Still, we could not avoid the temptation to take another look, and then another. It was like an accident you couldn't look away from, and the whole mystery of the weird stuff that was going on was too fascinating to me. The really old dude who just appeared out of nowhere was what most disturbed me. Whatever the fellow in the house was going through the the bandages, the man with no skin story was one I'd come up with. The tangible things I could see with my own eyes were what bothered me. I was not going to be terrified by my own imagination.

Driving past one night, something splashed against the windshield. We hadn't been going more than 40 mph, but this looked like a frog had landed and exploded on the windshield. We pulled over, well past the Frisky Fieldhouse, so Martin could get it off the windshield. The wipers wouldn't do anything, it was stuck there like it was glued.

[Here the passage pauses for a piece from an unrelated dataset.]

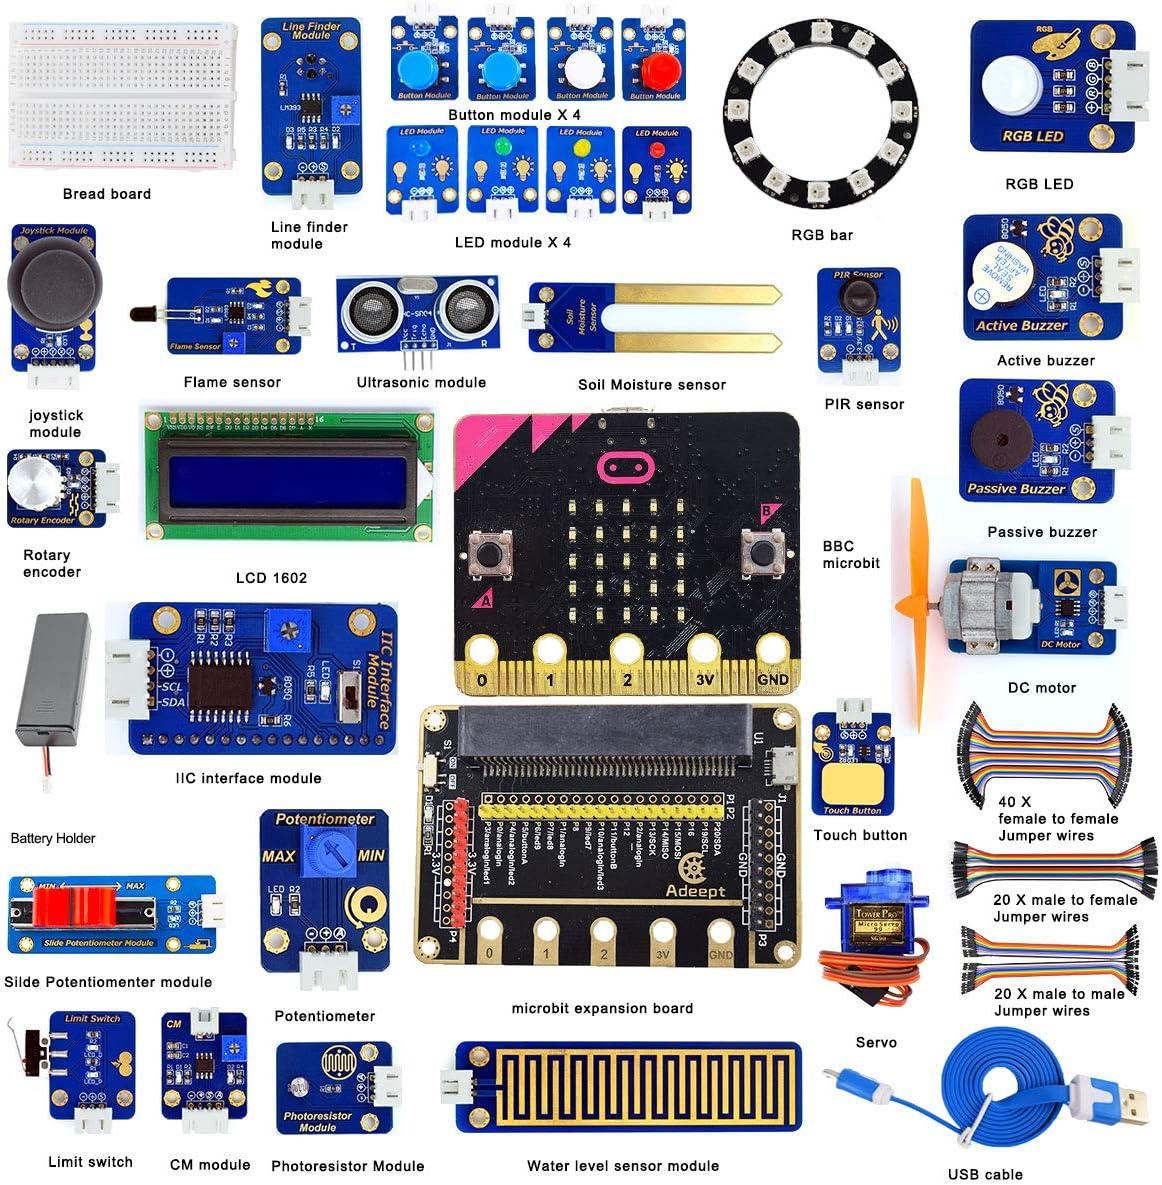 Adeept Bbc Micro:Bit Sensor Starter Kit | Microbit Programmable Starter Kit für Micro:Bit mit 35 Projects Pdf Tutorial Buch | Micro:Bit und Expansion Board Included

He freed it and then looked at it with disgust. I got out and asked what it was and he showed me what looked like a big patch of bloody skin, most likely from a chicken or some other animal, but we weren't sure it wasn't human. A patch of skin had flown out of the air in front of the home of the man with no skin and stuck to our windshield. The more disturbing these things got, the more we could not look away. Eventually, within a week of our last drive-by, we would do it again, looking for something else really creepy to happen.

One night, when passing the Frisky Fieldhouse we spotted a series of "No Parking" signs up and down either side of the road. We laughed, saying they must have gotten tired of people coming to gawk at them. Then, on the way back I noticed the signs said, in smaller print below No Parking, "by Order of Board of Health." The mystery had just gotten hot again. There was something odd going on at the Frisky Fieldhouse. Why was the Board of Health involved in this? Why did the Board of Health even own "No Parking" signs?